From the Indian’s perspective this was indeed an agreement of relations between nations, and they intended to honour these agreements (Opekokew 1980: 10). So it is we can see the vastly divergent approaches to treaty – the Aboriginal peoples with their spirit and intent approach to agreements, the Canadian government with their crafty four corners of the document approach to maximizing their interests, and the Canadian and international courts with their seemingly solid but actually quite elastic and flexible terms and definitions for concepts like treaties. In conclusion I think it is important after a survey of the overall situation, to stand from the perspective of the First Nations peoples and see what they were confronted with. These were people who didn’t understand or speak English; didn’t understand or operate from a worldview of capital and money and the values the Europeans did. They were forced to rely on and blindly trust the words and character of European translators, individuals whose allegiances were most often with their own peoples. From this viewpoint we can better appreciate what it meant then and still means now of the way these people were approached with the signing of treaties. The treaties were engineered in such a way as to be completely on the terms and from the perspective of the others’ ways. The terms, the basic operating principles, the compensation, the craftily worded conditions and stipulations – this was all in the interest of the Europeans and to the detriment of their hosts. The indigenous peoples’ fate was one of slowly but surely being made to enter into a relationship with an arriving (one could be forgiven for describing it “invading”) people in the Europeans – a people not invited, yet welcomed out of a genuine spirit of hospitality and goodwill. In return they were given a plethora of new diseases from which scores of them died, and then expected to assimilate to a forced and unwanted worldview where they were second class. In the final analysis it would appear the Europeans, in all their civility and gentry were in fact acting as savages.
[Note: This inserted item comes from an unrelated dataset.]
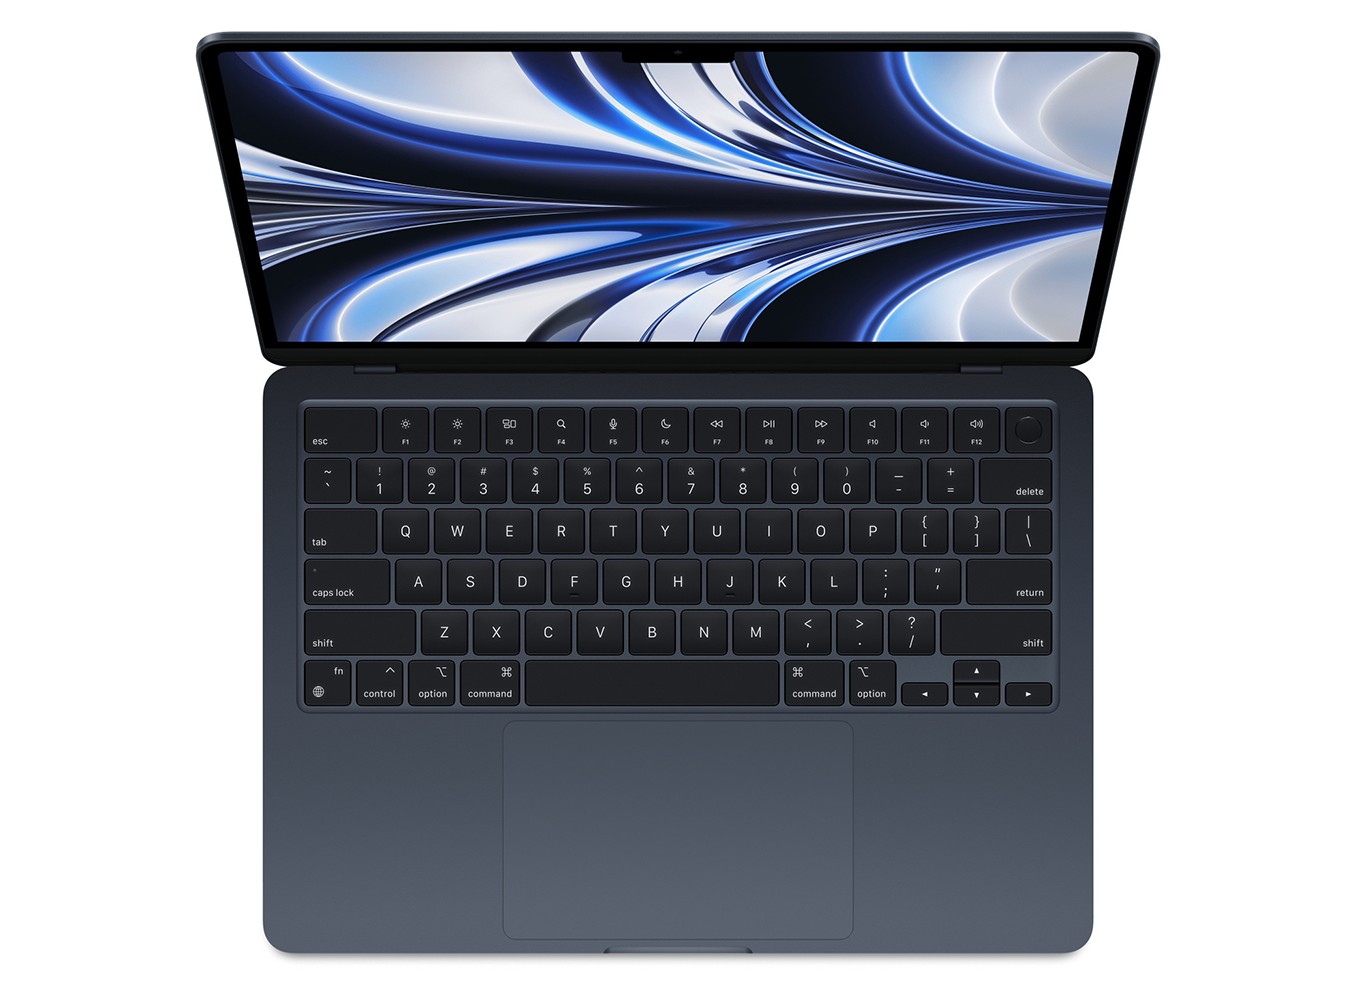 MacBook Air M2 GPU 8/24GB/256GB: MacBook Air M2 là dòng sản phẩm mới nhất của Apple, được trang bị cấu hình cực mạnh với GPU 8/24GB/256GB. Với thiết kế tuyệt đẹp, màn hình Retina sắc nét và tính năng hiện đại, MacBook Air M2 là sự lựa chọn hàng đầu cho những người yêu thích công nghệ và đang tìm kiếm một chiếc laptop để phục vụ cho các nhu cầu công việc và giải trí của mình.

References Little Bear, Leroy. 1991. “Aboriginal Rights and the Canadian ‘Grundnorm’.” In Arduous Journey: Canadian Indian and Decolonization. Toronto: McClelland and Stewart. Morris, Alexander. 1862. “The Treaties of Canada with the Indians of Manitoba and the North-west Territories: Including the Negotiations on Which They Were Based, and Other Information Relating Thereto.” Reprinted in Coles Canadiana Collection. Toronto: Coles Publishing Company, 1979. Opekokew, Delia. 1980. “Treaties.” In First Nations: Indian Government and the Canadian Confederation. Saskatoon: Federation of Saskatchewan Indians. Kerr, John Andrew. 1937-38. “The Indian Treaties of 1867.” Dalhousie Review 17, 187-195. Barkwell, Peter Alan. 1981. “The Medicine Chest Clause in Treaty No. 6.” Canadian Native Law Reporter 4, 1-23. Green, L.C. 1970. “Canada’s Indians: Federal Policy, International and Constitutional Law.” Ottawa Law Review 4, 101-131.